Magic Johnson has been a major part of the Los Angeles Lakers franchise both on and off the floor for the last 40-plus years.
Johnson won five NBA titles during his time with the Lakers, collecting three MVP titles along the way. He spent 13 years in L.A., headlining the great Showtime era alongside Kareem Abdul-Jabbar, James Worthy and others.
Years after finishing his NBA career, Johnson took charge of the Lakers’ front office, becoming its president of basketball operations. He built the foundations for the current Los Angeles dynasty, signing LeBron James and setting a target on then-New Orleans Pelicans star Anthony Davis during his time in office.
The history of the Lakers organizations — as well as the NBA’s — cannot be told without an extensive recognition of Johnson’s greatness and colorful character. An Apple TV+ documentary will try to encapsulate his legacy in a new docuseries, per The L.A. Times’ Tracy Brown:
A new documentary series about the life and career of Lakers great Earvin “Magic” Johnson is headed to Apple TV+.

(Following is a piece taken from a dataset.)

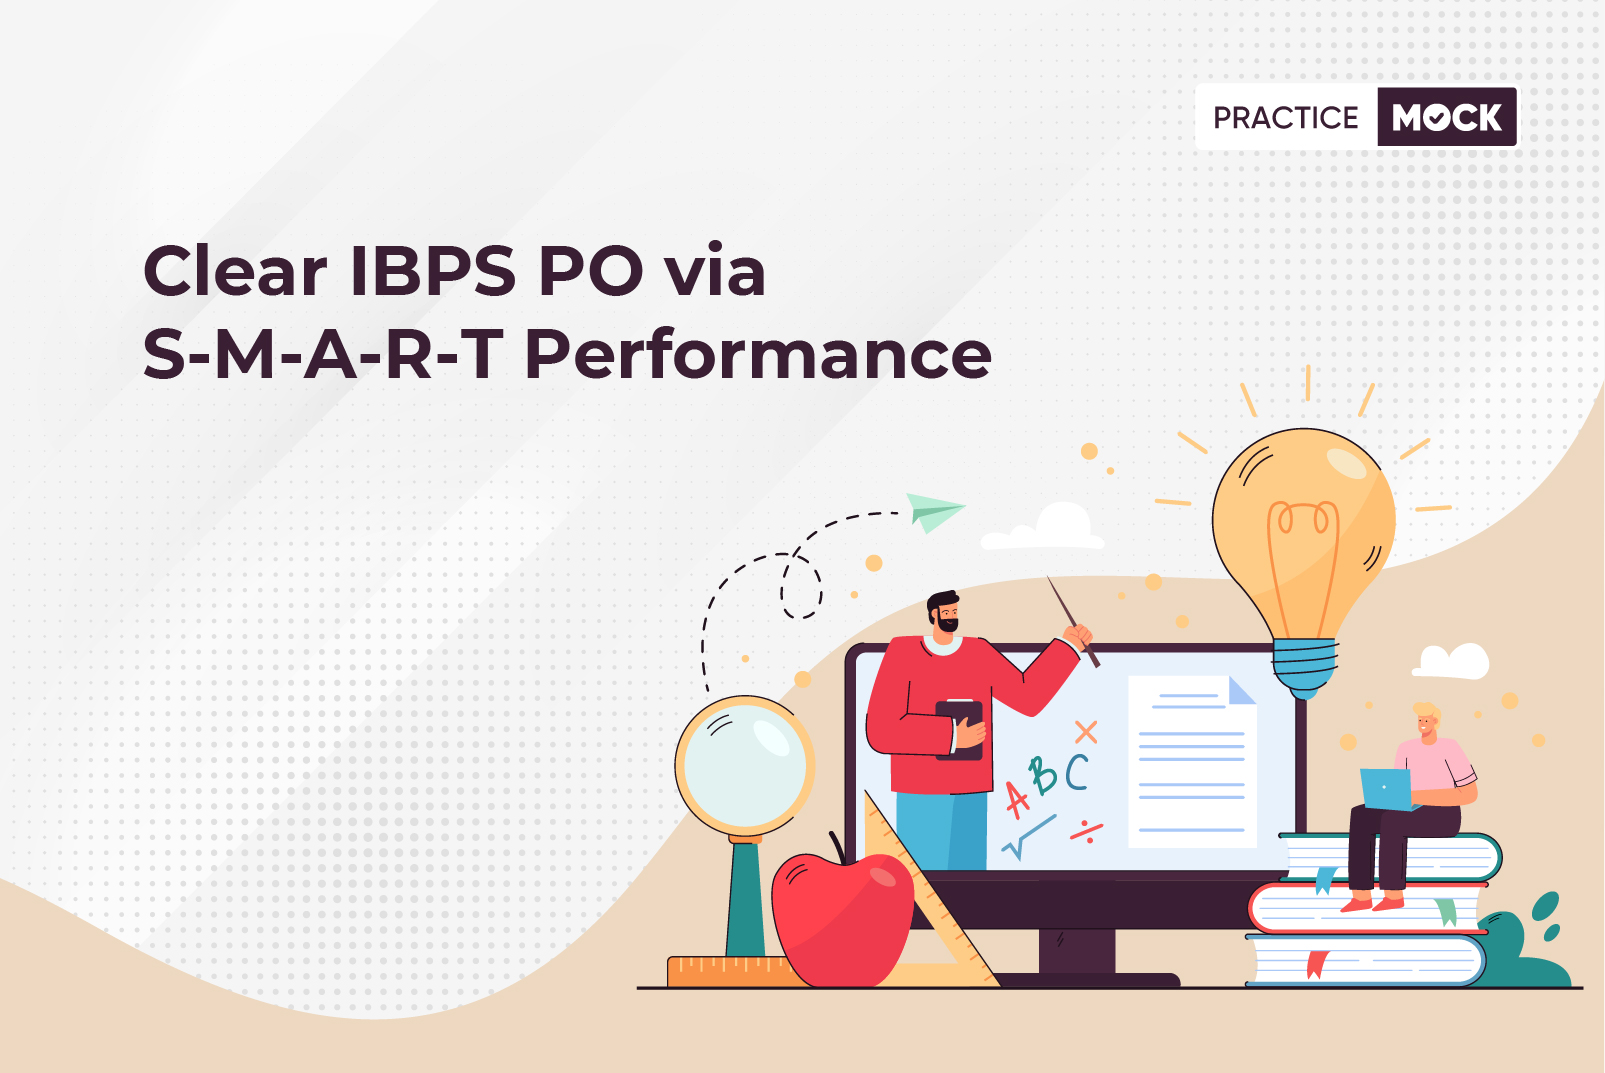 Clear IBPS PO via S-M-A-R-T Performance

Announced Thursday, the four-part docuseries chronicles the two-time NBA Hall of Famer’s accomplishments on and off the court. Directed by Rick Famuyiwa (“Dope”), the series will trace Johnson’s upbringing in Lansing, Mich., through his championship career with the L.A. Lakers as well as his HIV/AIDS activism.
The docuseries will reportedly show exclusive footage and interviews with Johnson and those who know him.
The project appears to be a significant undertaking as editor Dirk Westervelt — known for his work on “Ford v. Ferrari” — and cinematographer Rachel Morrison — who was involved in the production of “Black Panther” — are said to be part of the production team.
In 2020, the documentary’s producers said they had been granted “unprecedented access” to Johnson.
Johnson initially wanted to stay with Lakers for just three years
Just as deep Johnson’s ties to the Lakers franchise run, his relationship with governor Jeanie Buss dates a long way back. Buss and Johnson have been through ups and downs, as shown by the now-62-year-old NBA legend’s unexpected departure from the organization’s front office in 2019.
The Lakers governor recently told the story of her shocking first meeting with the would-be NBA star shortly after he was drafted by the team in 1979. Johnson told Jeanie he wanted to remain on L.A.’s roster for three years before returning to his home state of Michigan to play for the Detroit Pistons.
However, her father and the then-Lakers owner, the late Dr. Jerry Buss, reassured Jeanie that once Johnson put on his purple and gold uniform, he wouldn’t want to leave the franchise.